Truly Self-Improving Agents Require Intrinsic Metacognitive Learning

Paper · arXiv 2506.05109 · Published June 5, 2025

Self-improving agents aim to continuously acquire new capabilities with minimal supervision. However, current approaches face two key limitations: their self-improvement processes are often rigid, fail to generalize across tasks domains, and struggle to scale with increasing agent capabilities. We argue that effective self-improvement requires intrinsic metacognitive learning, defined as an agent’s intrinsic ability to actively evaluate, reflect on, and adapt its own learning processes. Drawing inspiration from human metacognition, we introduce a formal framework comprising three components: metacognitive knowledge (self-assessment of capabilities, tasks, and learning strategies), metacognitive planning (deciding what and how to learn), and metacognitive evaluation (reflecting on learning experiences to improve future learning). Analyzing existing self-improving agents, we find they rely predominantly on extrinsic metacognitive mechanisms, which are fixed, human-designed loops that limit scalability and adaptability. Examining each component, we contend that many ingredients for intrinsic metacognition are already present. Finally, we explore how to optimally distribute metacognitive responsibilities between humans and agents, and robustly evaluate and improve intrinsic metacognitive learning, key challenges that must be addressed to enable truly sustained, generalized, and aligned self-improvement.

Drawing from models of human metacognition, we formally introduce a framework for metacognitive learning (Section 3), defined as a meta-level process that monitors, evaluates, and regulates a lower-level learning process. Our framework consists of three core components: (1) metacognitive knowledge: the ability to assess one’s capabilities, understand task demands, and evaluate learning strategies; (2) metacognitive planning: the strategic planning of what and how to learn; and (3) metacognitive evaluation: ongoing monitoring and reflection on learning progress. Intrinsic metacognitive learning, then, occurs when agents independently assess their learning, update metacognitive knowledge, and adapt learning plans to optimize long-term performance without relying on external mechanisms.

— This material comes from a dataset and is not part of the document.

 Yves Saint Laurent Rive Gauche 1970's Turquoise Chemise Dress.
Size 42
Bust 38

Through this framework, we reinterpret current selfimprovement methods as metacognitive processes, where human supervisors assume various metacognitive responsibilities (which we term extrinsic metacognition). These responsibilities include determining what to learn (by designing task spaces and acquisition metrics), how to learn (by specifying mechanisms for exploration and experiential learning), and metrics for evaluating self-improvement progress. We identify two scenarios where this fixed, extrinsic design can hamper sustained self-improvement: domain/- task distribution shift, where prescribed self-improvement processes may fall short in efficacy, requiring recurring human intervention for continual self-improvement in shifting tasks and domains; capability-mechanism mismatch, where fixed metacognitive mechanisms can become increasingly ineffective and misaligned as agent’s capabilities evolve.

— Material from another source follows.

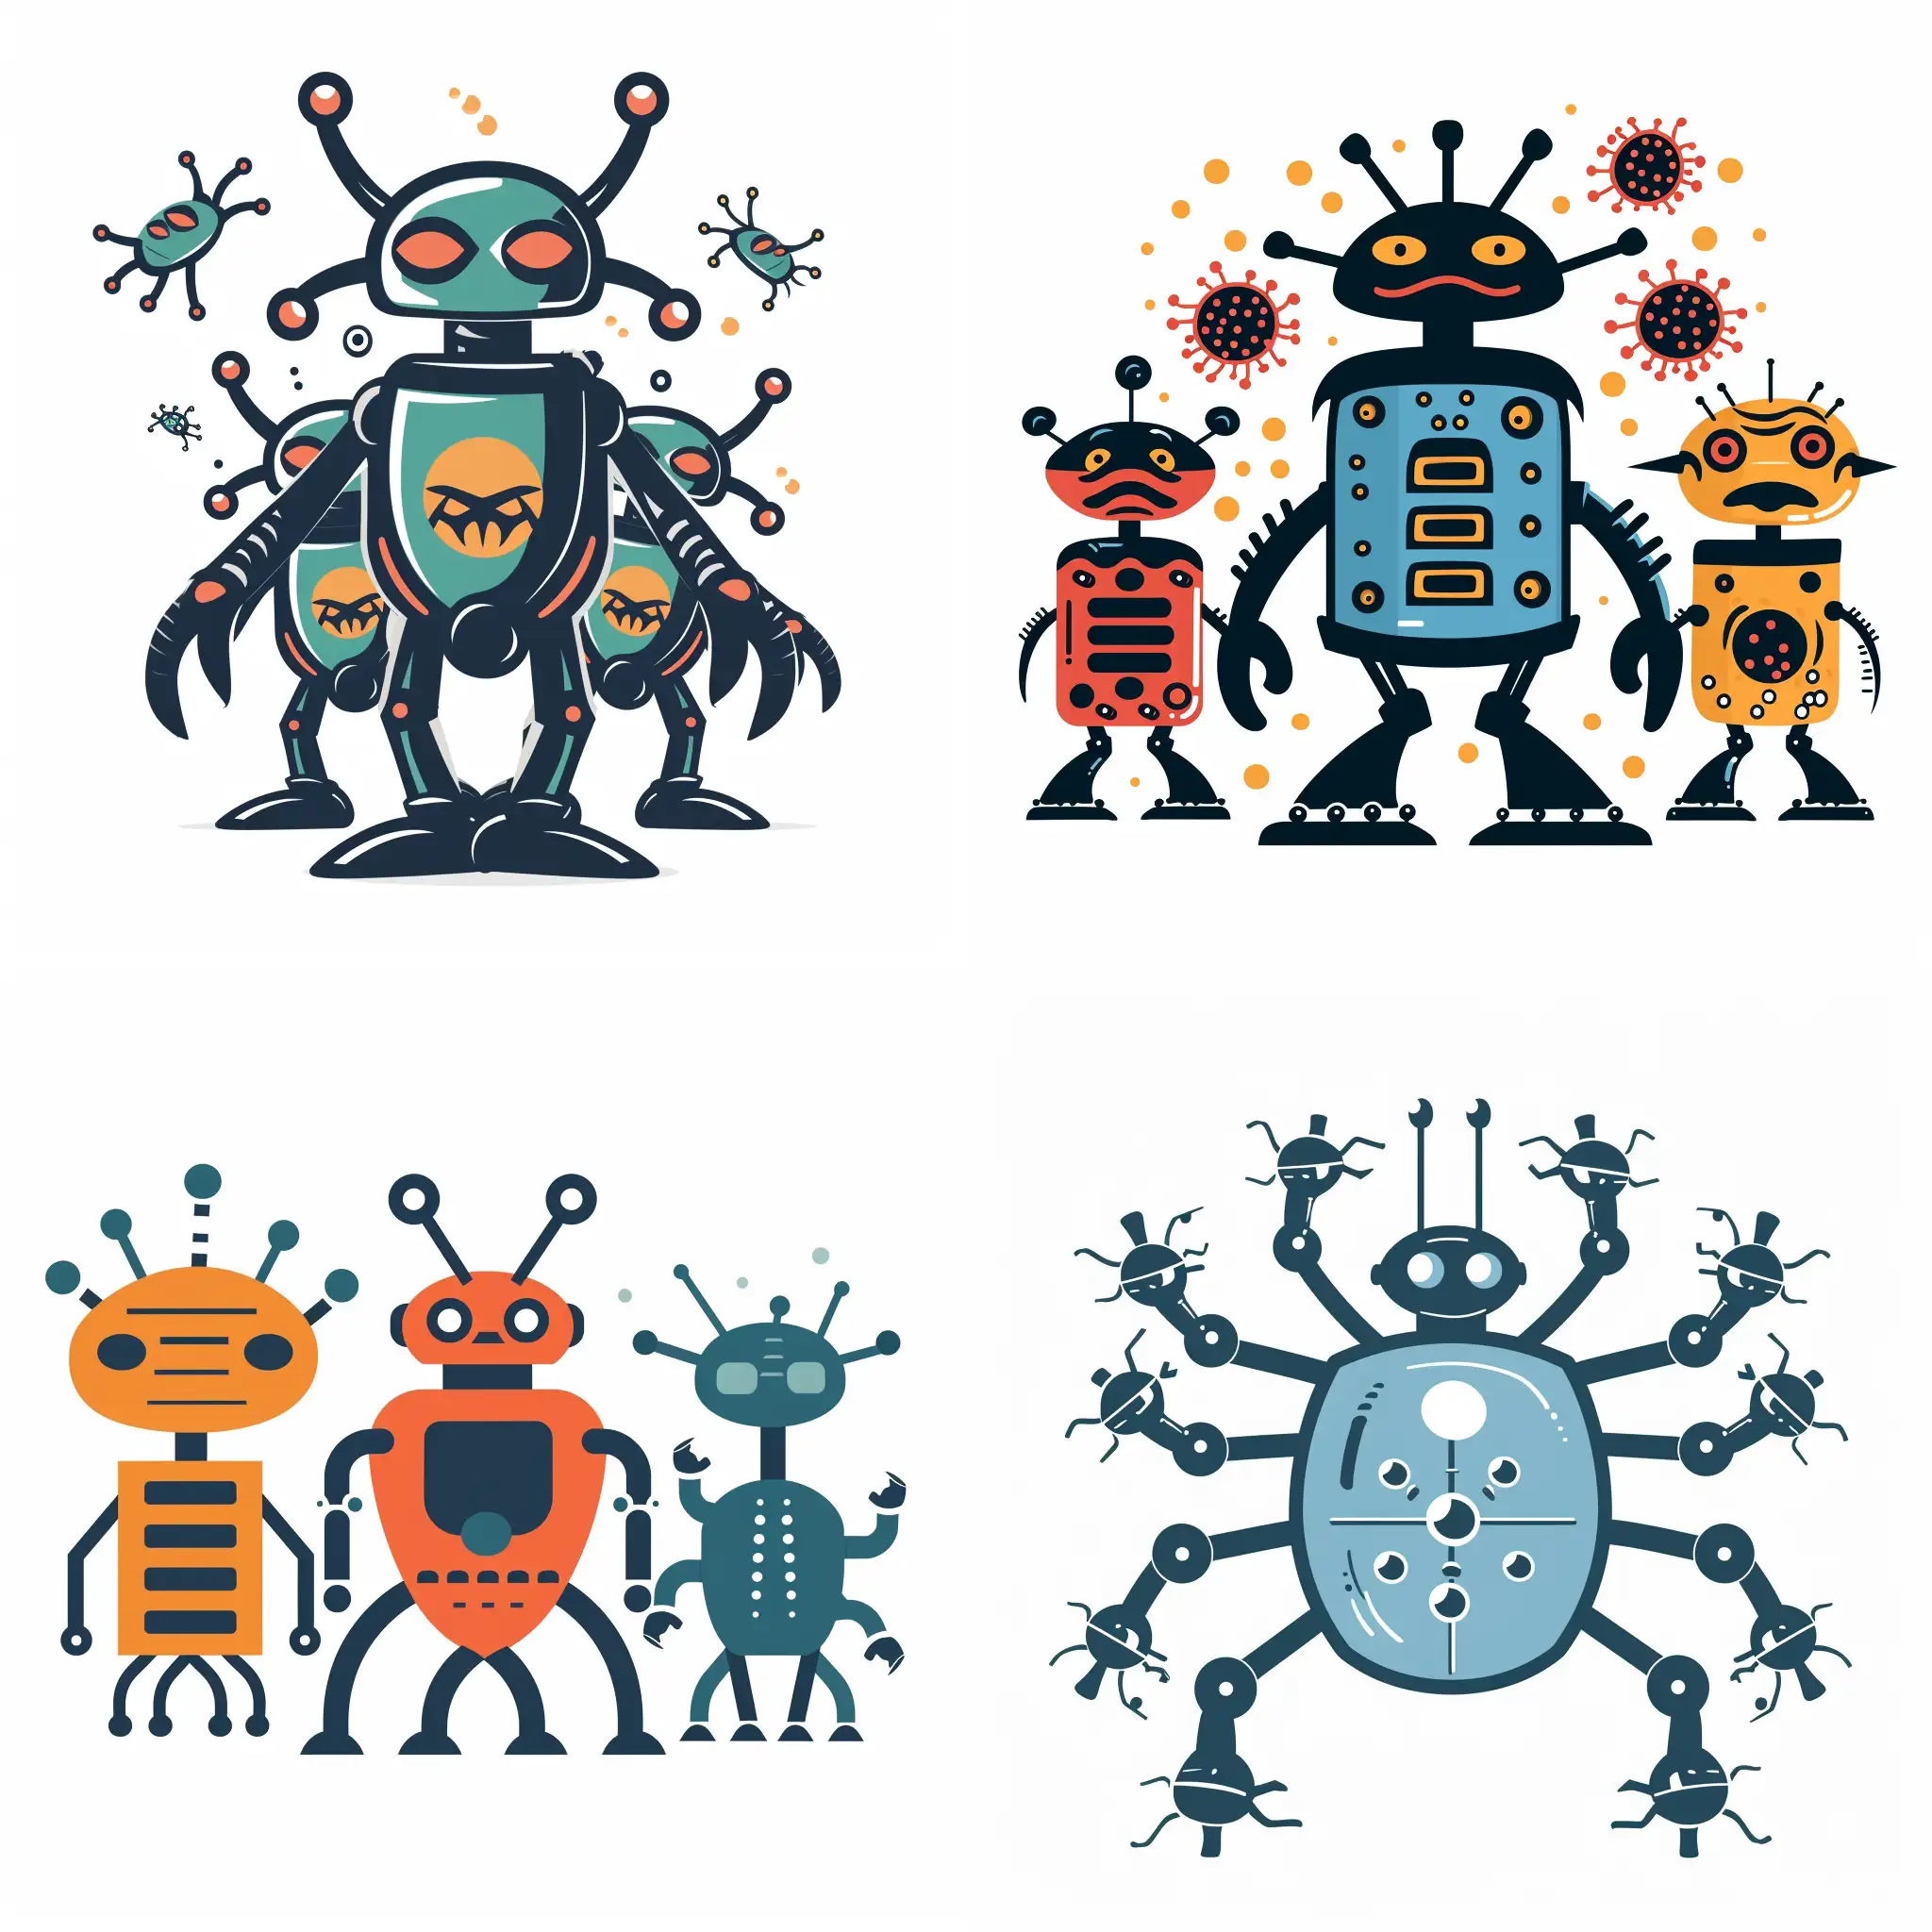 Malware-Robots-Graphic-Logo-on-White-Background

Through case studies, we explore diverse forms of intrinsic and extrinsic metacognitive learning, observing that selfimprovement potential increases when metacognitive functions are more intrinsic yet thoughtfully shared between humans and agents. By analyzing the intrinsic capabilities required for each metacognitive learning component in detail, we show that many essential ingredients are already present in today’s LLM agents (Section 5). We conclude by identifying key gaps and open questions for advancing intrinsic metacognitive learning (Section 6). One challenge is developing models of shared metacognition, shifting from human-driven extrinsic approaches toward paradigms where metacognitive functions are optimally distributed. Another is evaluating and finetuning intrinsic metacognitive abilities to improve the efficiency and effectiveness of agent self-improvement. Finally, we underscore the need for scalable oversight: as agents autonomously develop capabilities, emergent risks such as unsafe behaviors, misaligned values, and reward hacking increase, demanding oversight mechanisms that evolve alongside agent capabilities.